WARSAW, Poland — Poland’s lawmakers approved a resolution Tuesday to honor mass anti-communist protests that occurred 50 years ago and to condemn an anti-Semitic purge that ensued.
Both the right-wing ruling party and the opposition backed the resolution on the 1968 events in communist-ruled Poland. The lower house of parliament voted 424-3 with two abstentions to approve it.

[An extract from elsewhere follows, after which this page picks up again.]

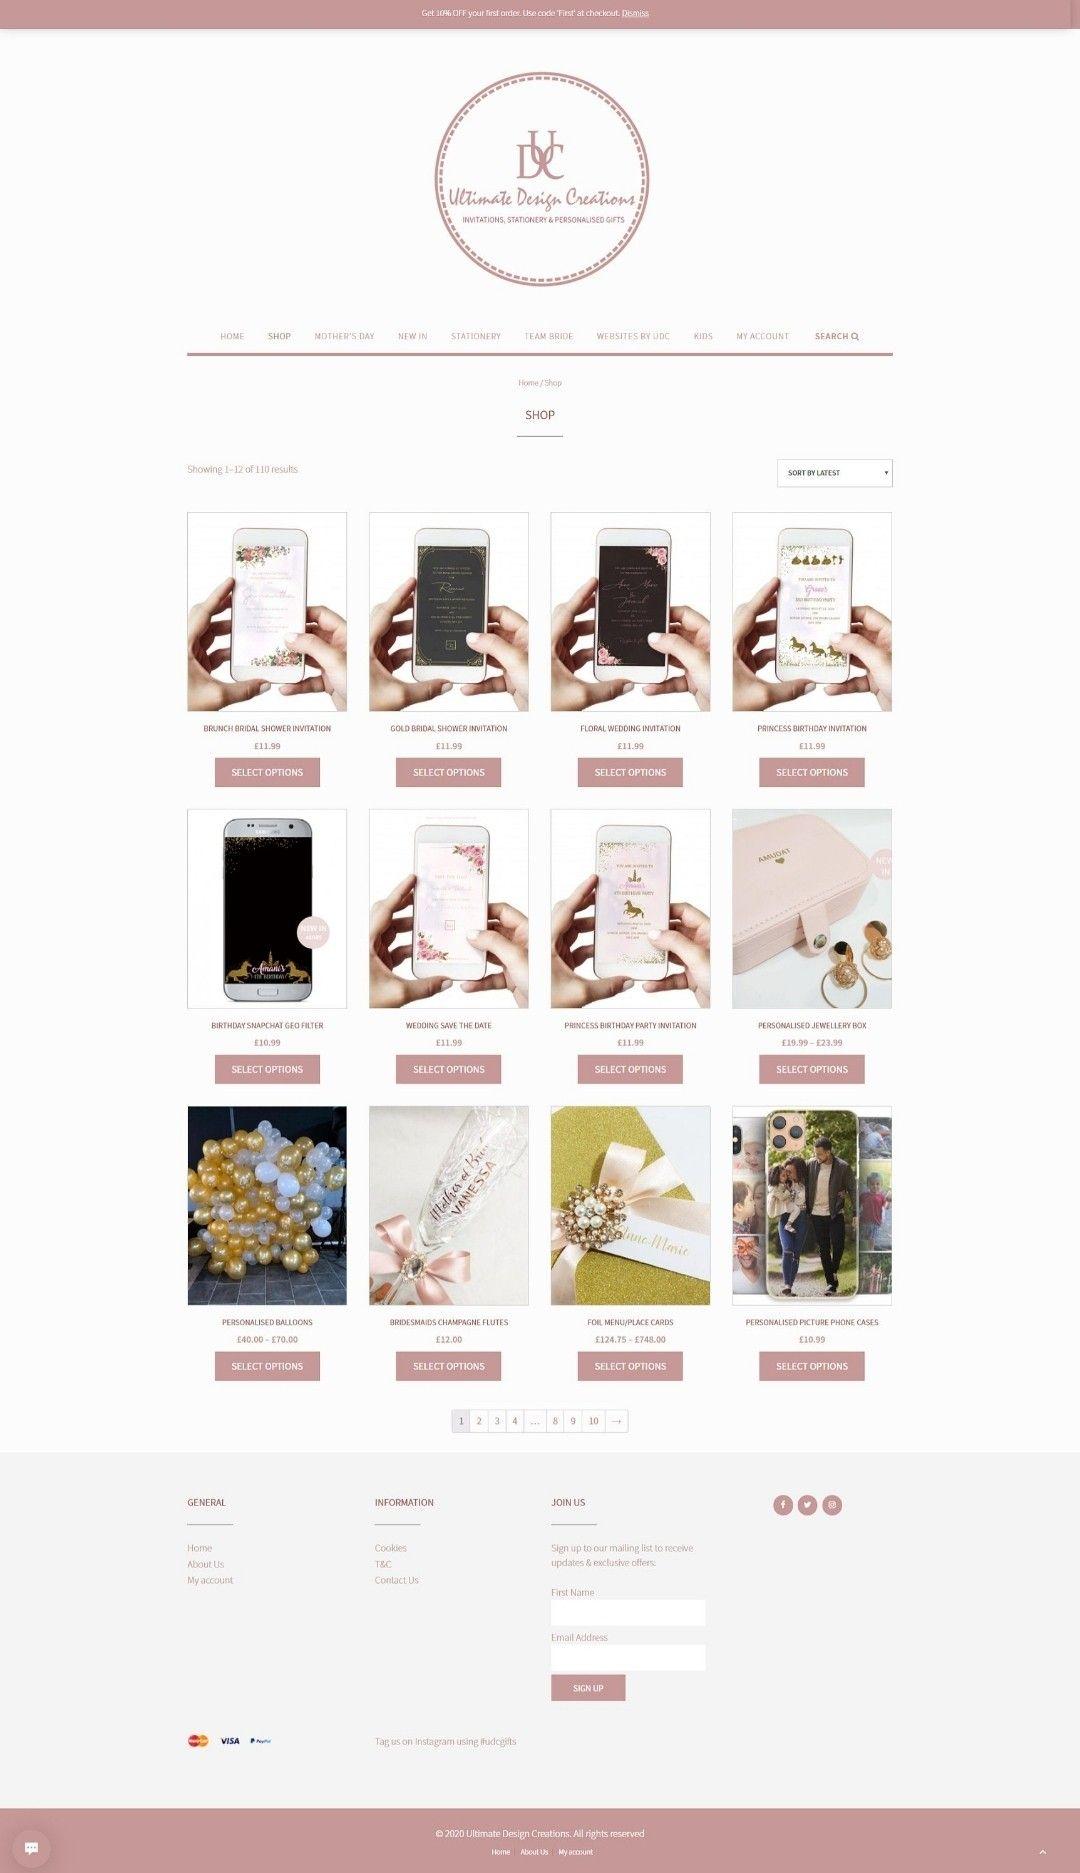 WordPress Website | Web Designer | Custom E-commerce WordPress Website | Online Web Design Store | Ecommerce Store | Custom Graphic Designer
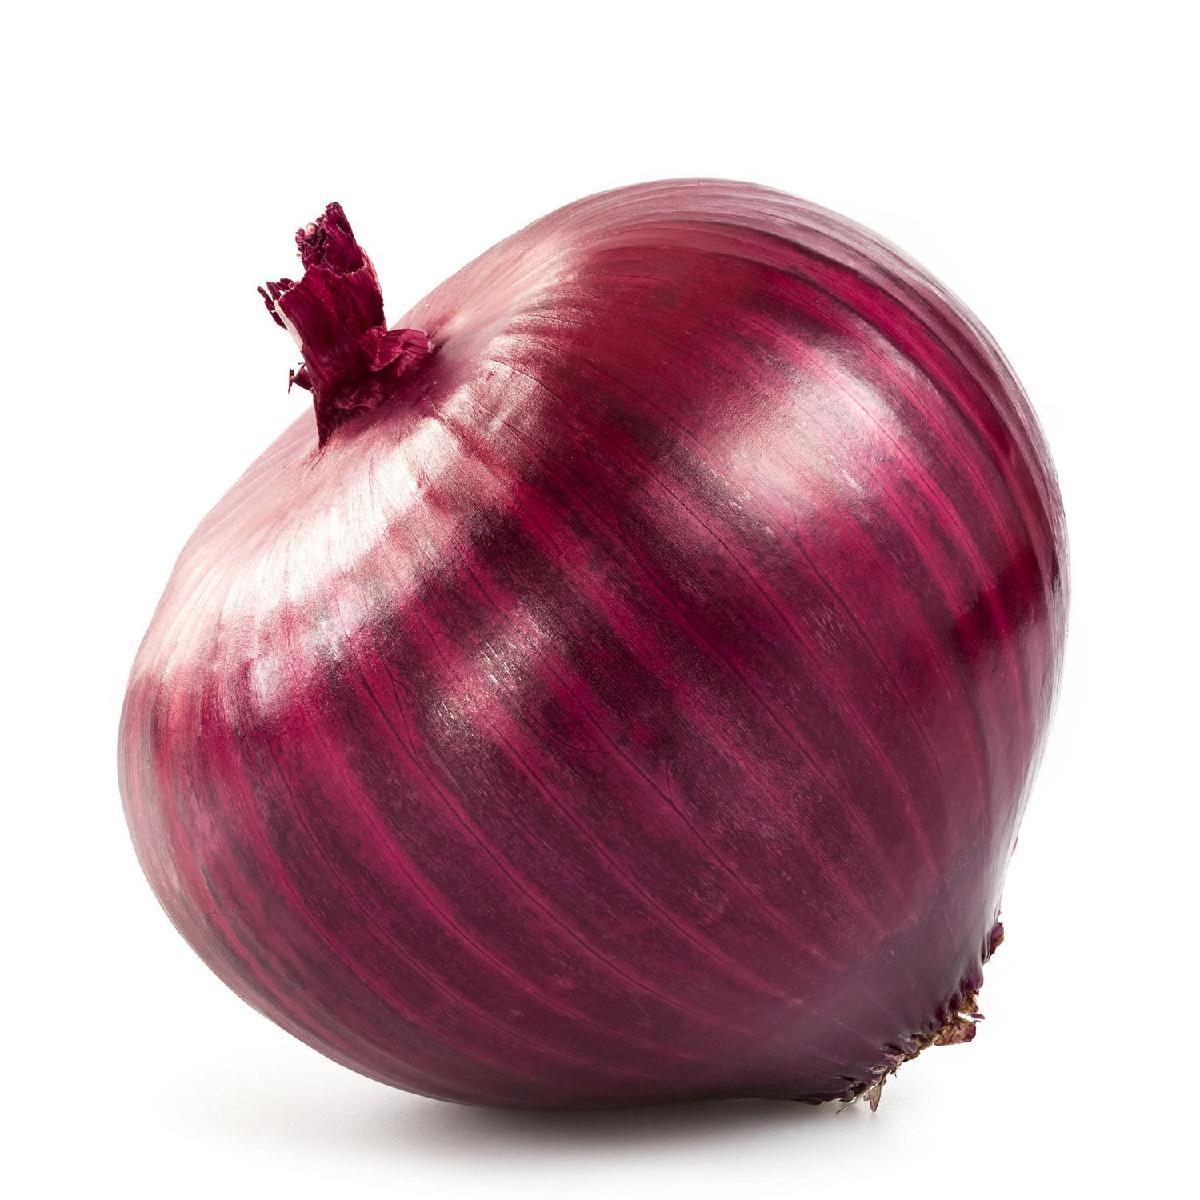 fresh onion for sale

Starting in March 1968, students defending a banned anti-totalitarian play, based on the work of Romantic period poet Adam Mickiewicz, staged mass protests that were brutally quashed. Rival factions in the ruling communist party exploited the protests in their pursuit of party control. The crisis climaxed in the purge of Jews from the ruling party’s ranks and from across the society.
Some 13,000 Jews were forced to leave Poland and were stripped of Polish citizenship that year. The purge has continued to weigh on relations between Poles and Jews, which generally have been good since Poland became a democracy in 1989.
The resolution mentioned respect for those who “fought for freedom and democracy” and condemned anti-Semitism and the “communist organizers of anti-Semitic persecution.”
“Remembering the dramatic fate of Poland’s Jews who were forced by the communist authorities to leave Poland in 1968, Poland’s Sejm (parliament) expresses strong opposition against any symptoms of anti-Semitism,” the resolution said.
A lawmaker for the far-right National Movement party, Robert Winnicki, drew boos when he said the resolution failed to mention that Poland’s Jewish émigrés included communist judges and prosecutors who handed death sentences to Polish resistance fighters in the 1940s and 1950s.
He named the late Helena Wolinska, whose extradition Poland had sought from Britain before she died in 2008.
The resolution and events scheduled in Poland for the 1968 anniversary come at a time of tension between Warsaw and Jerusalem over a new law that carries penalties for blaming Poles for Holocaust crimes committed by Nazi Germans.
Poland says the law is needed to fight slander, while in Israel it has been interpreted as an attempt to suppress debate and historical research on cases in which Poles killed Jews.